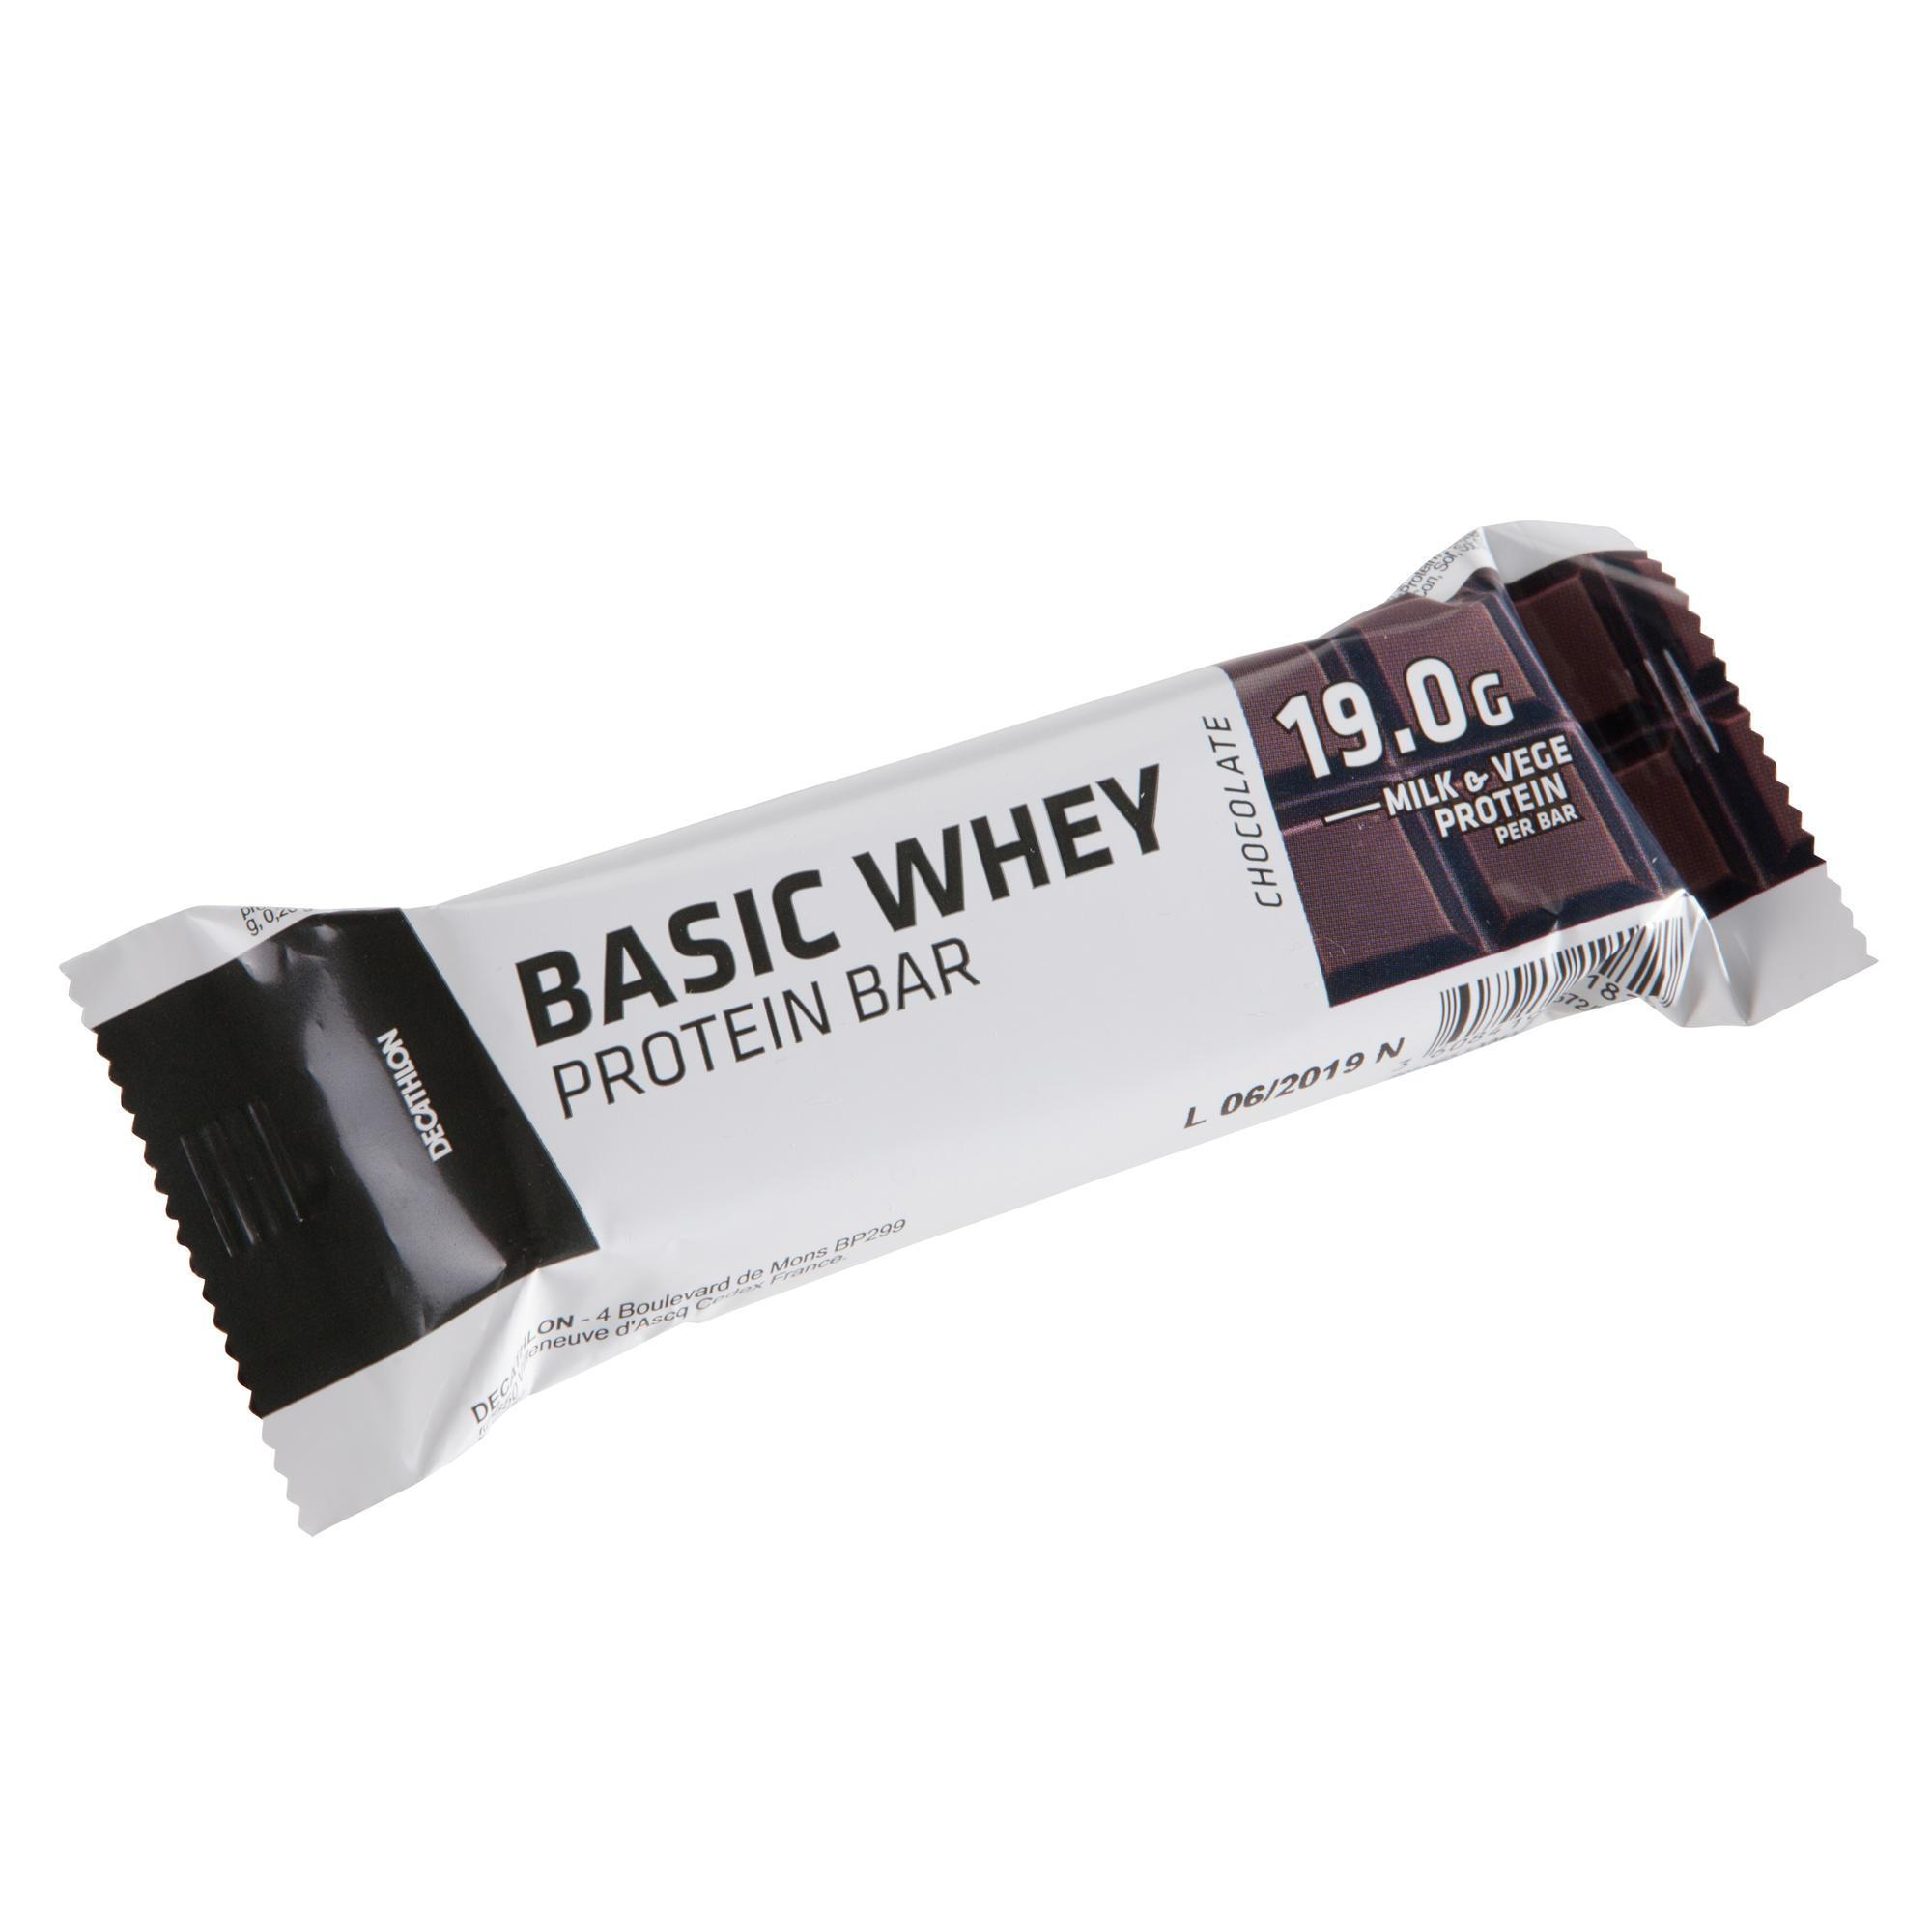 Proteinriegel Basic Whey Schokolade
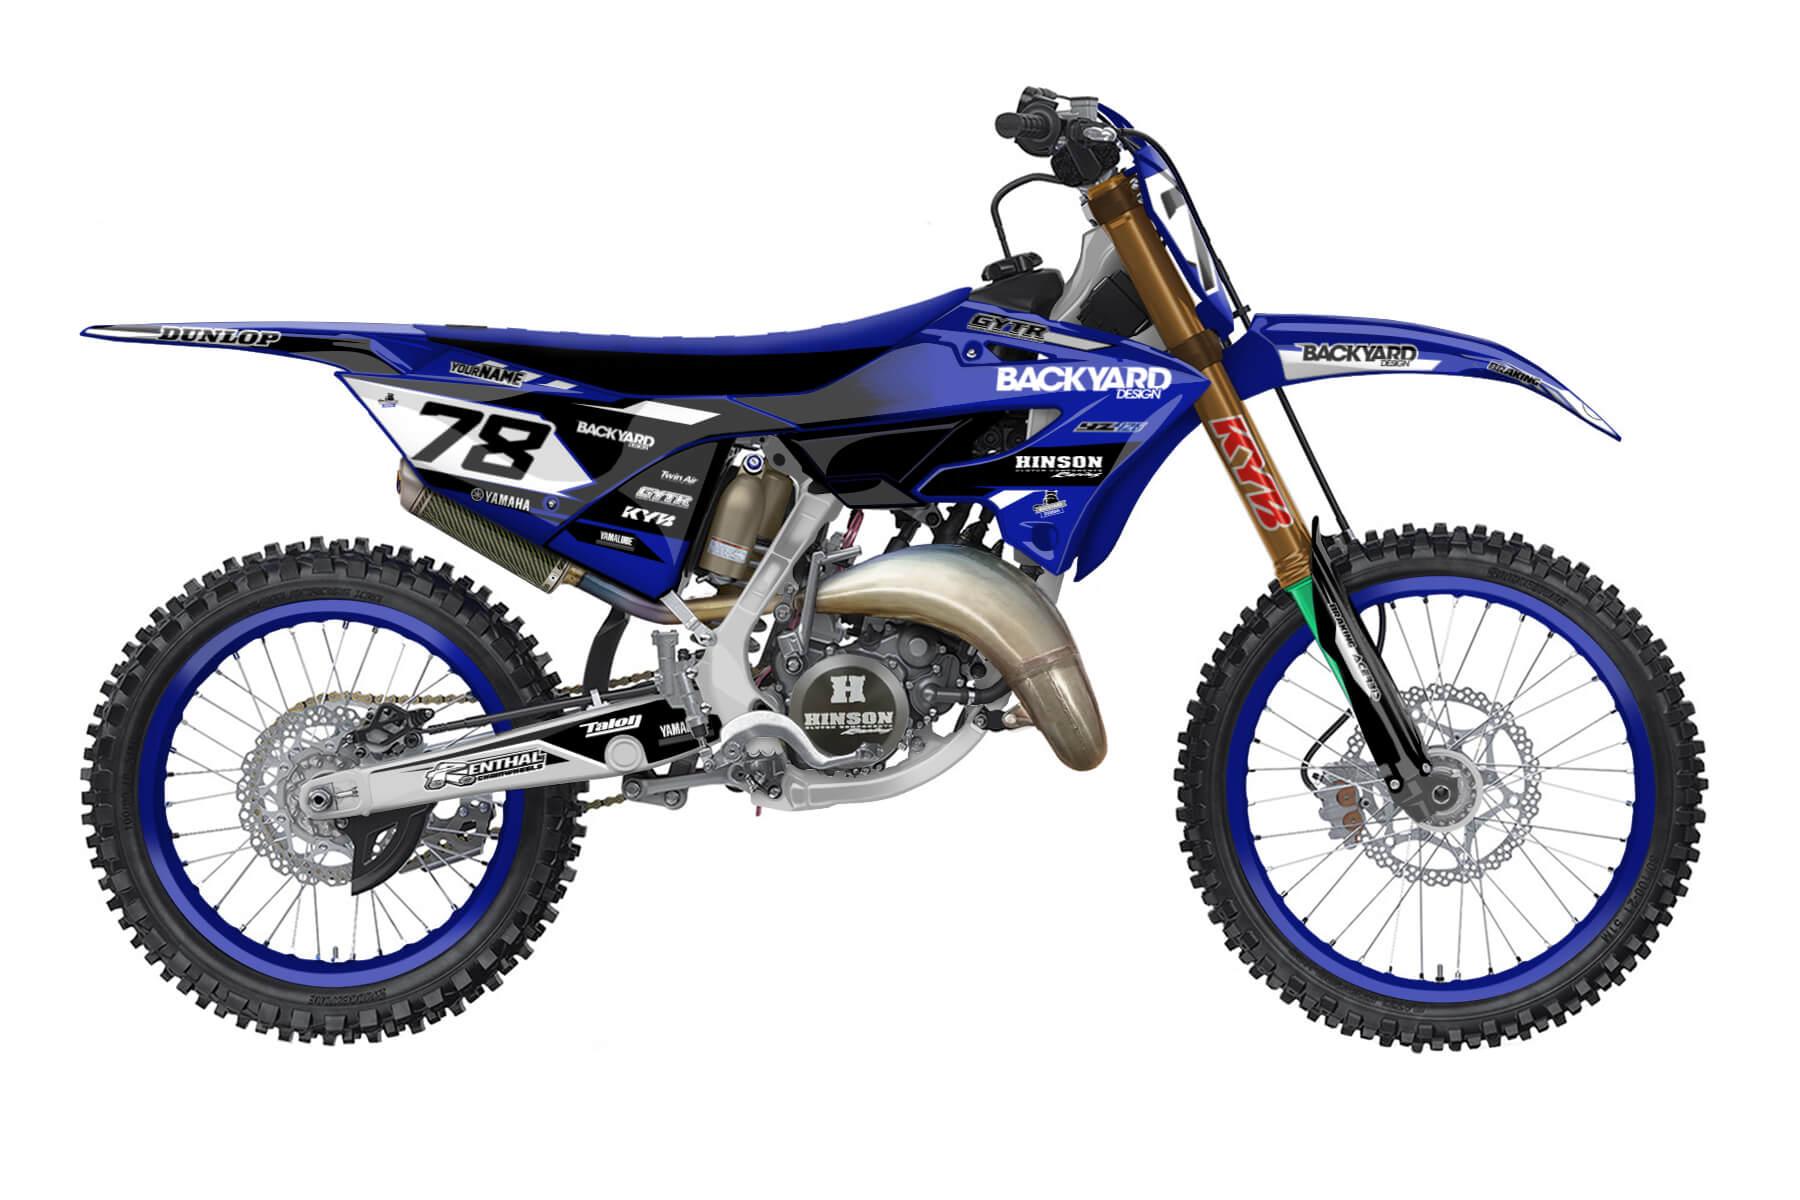 Yamaha YZ 250 - 2022 - Backyard Design - Mx Dekor - Division Basic
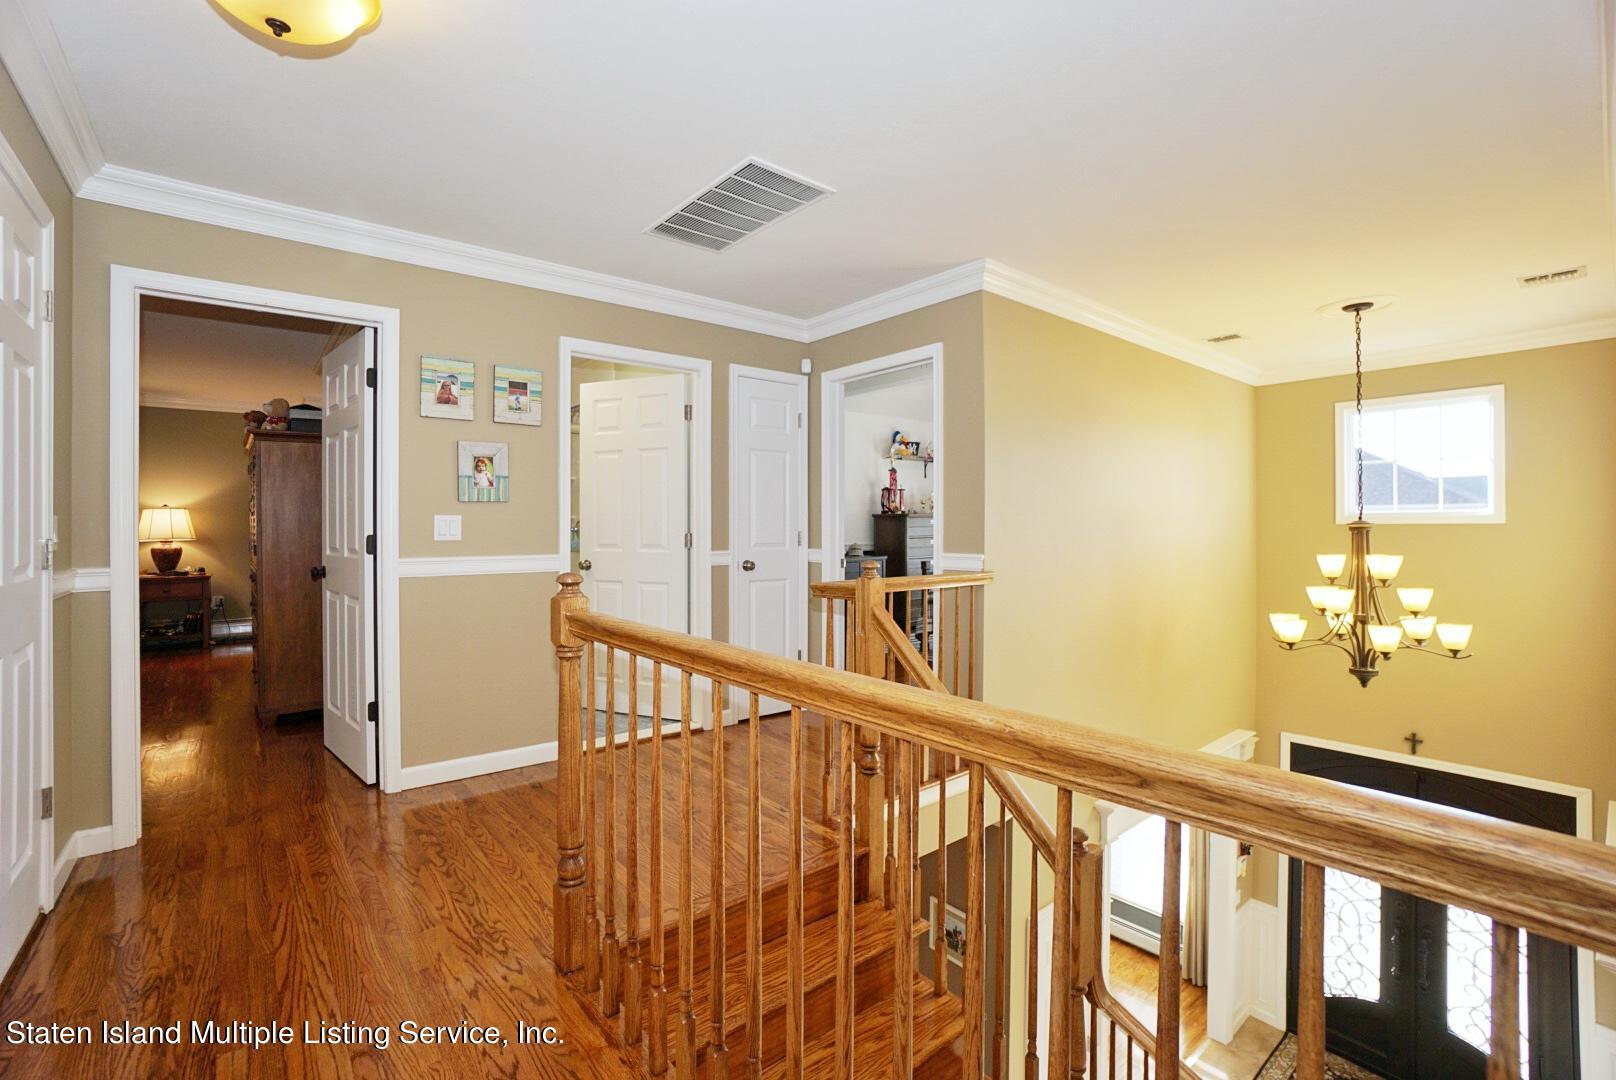 Single Family - Detached 31 Belwood Loop  Staten Island, NY 10307, MLS-1143133-28

Your goal:
Please ensure that the data above is repeated exactly, with no pictures in the copy.

Solved exercise:
 Proteinriegel Basic Whey Schokolade
 Yamaha YZ 250 - 2022 - Backyard Design - Mx Dekor - Division Basic
 Single Family - Detached 31 Belwood Loop  Staten Island, NY 10307, MLS-1143133-28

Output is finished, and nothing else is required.